"It is necessary that academic men, those in the colleges and universities, take some action in regards to the 34 men who are now languishing in prison for merely speaking their mind during and following the war," said Professor Harry F. Ward g. '98 of the Union Theological Seminary in New York City in an interview recently after his address at the old South Church on "The Future of Private Property".
"Labor has done all it can," he continued," to free these men who are suffering a prison term because of using their right of freedom of speech, a principle which every college or academic man maintains to be sound. These men have been placed in prison during and following the war under the Espionage Act of Congress and are doomed to serve five to twenty-year terms unless some power greater than that now exerted takes hold.

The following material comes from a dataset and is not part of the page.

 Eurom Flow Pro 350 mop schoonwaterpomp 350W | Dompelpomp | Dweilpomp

"These men were usually thrown into Leavenworth penitentiary without trial by jury, usually on the basis of the sedition laws alone and often because the man was simply a member of the International Workers of the World organization. Senator George W. Pepper of Pennsylvania, who is certainly no radical on the subject and who has investigated the several causes for these men be placed under arrest, has stated that he could find no legal justification of their apprehension by the law.
"I am personally acquainted with a man who was working in a war production plan in New England and who, for certain remarks he made, was indicted. He went to his employer, stated that he had better get his time card and await arrest, and he found that his employer refused to relinquish his services until the moment of his arrest.

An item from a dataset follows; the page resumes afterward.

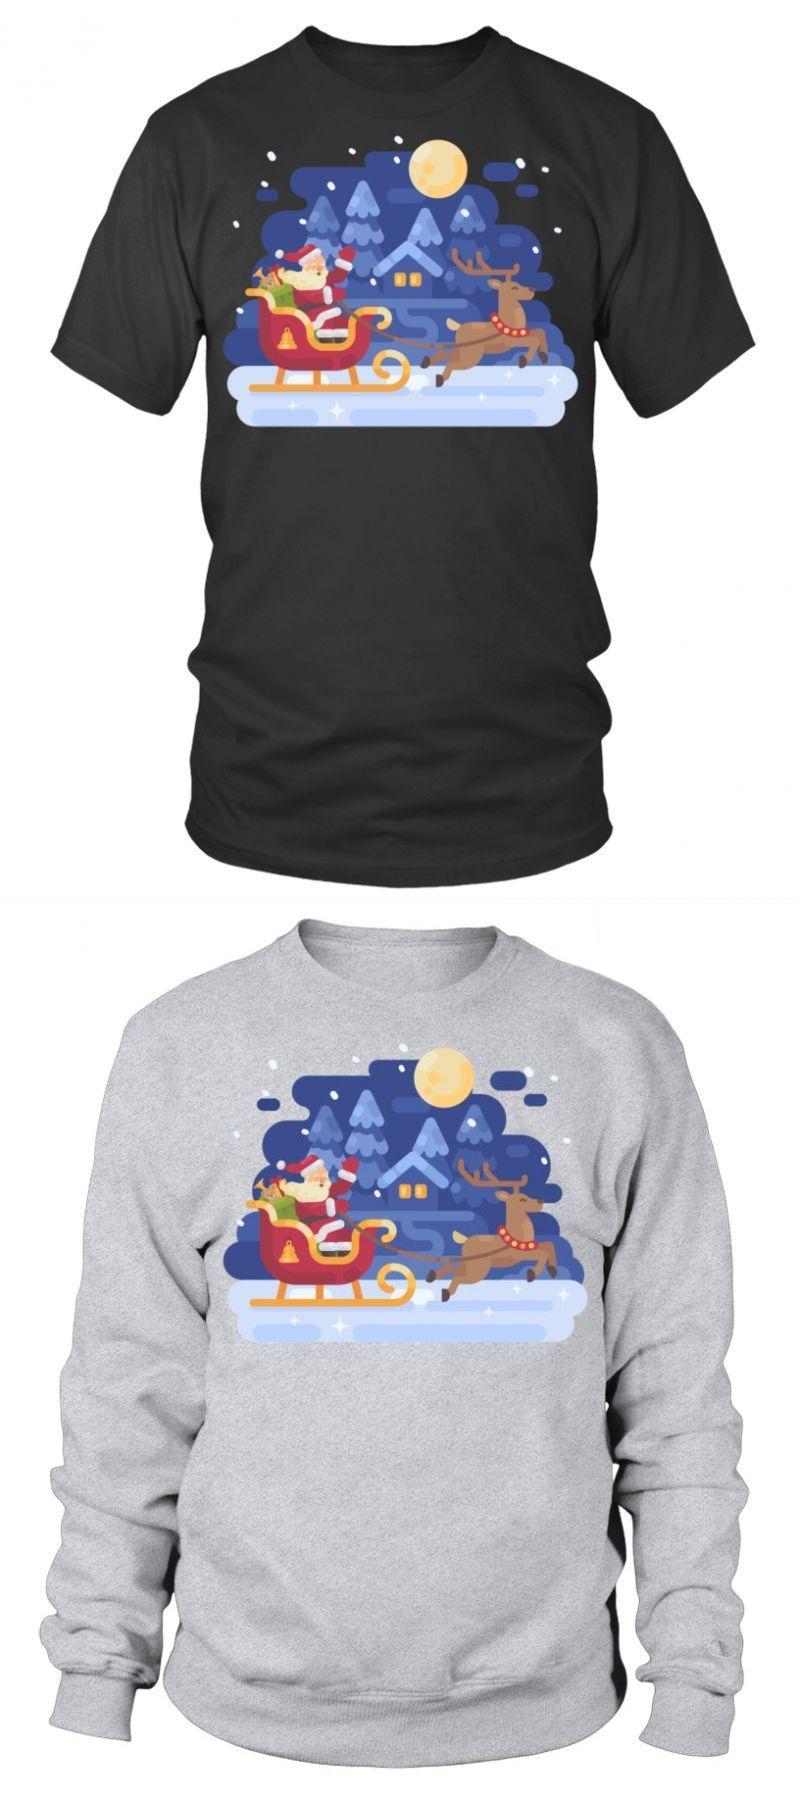 Easter T Shirt Designs 4502 Christmas Easter T Shirt Craft Ideas

"Of the 34 men now serving terms, all of these could have obtained their freedom under a post war act of President Harding, but inasmuch as this act required that each man acknowledge the guilt of what he had said or done, each preferred to stand by his principles and serve his term.

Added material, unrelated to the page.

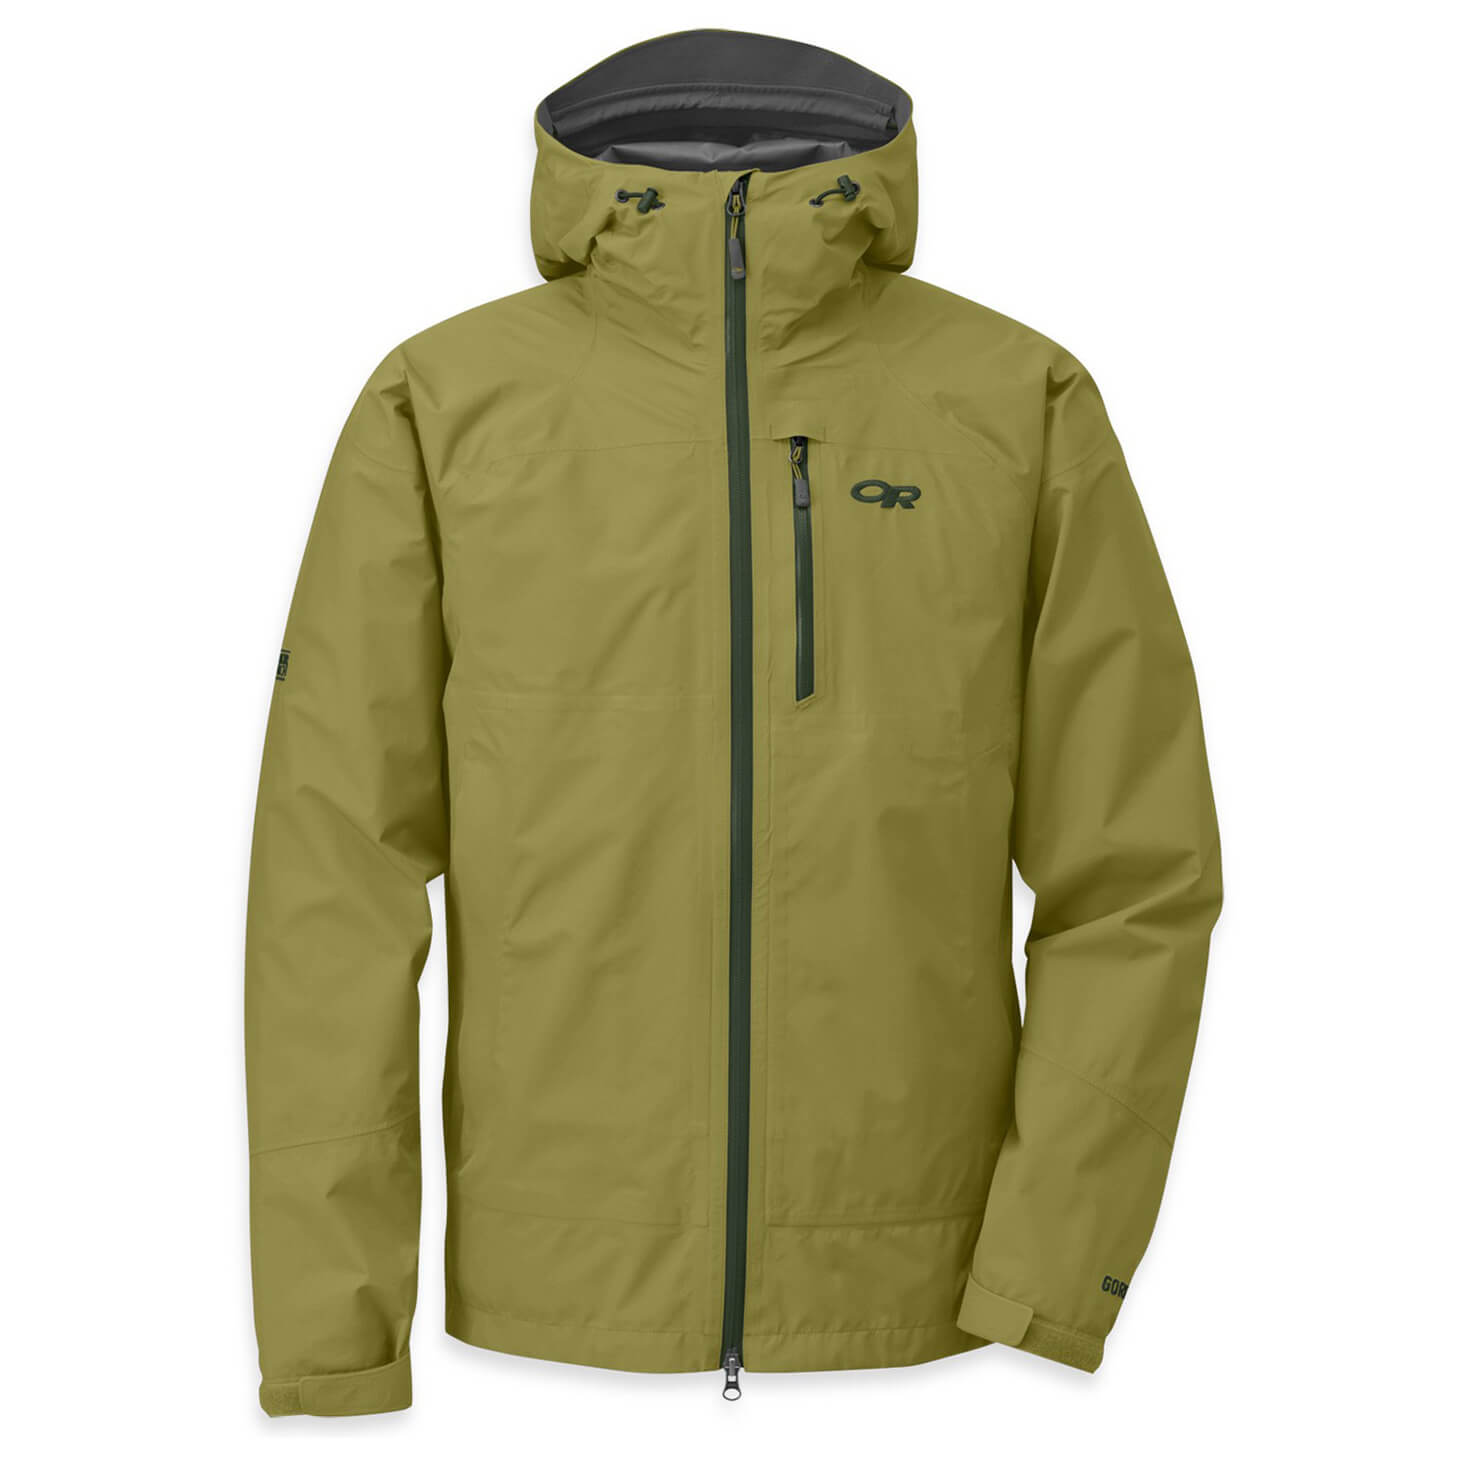 Outdoor Veste Research Foray Hardshell Jacket rvrzx0qw

"The point I am trying to emphasize is that, since the war, the United States has developed through legislation the machinery which prevents free speech. Much of the danger to free speech has been removed by a repeal of the Espion-age Act, but the power of the postmaster general to censor what passes through the mails is still great and is used freely.
"What Congress will not do, the states have done in their anarchy laws, which penalize free expression. The laws are further re-enforced by the injunction, which in the state of California is sufficient to throw a member of the I. W. W. organization into jail without any defense whatever.
"The time has come when the academic man must exert his influence to put an end to the repression of those things which he believes in, and for which many men suffer."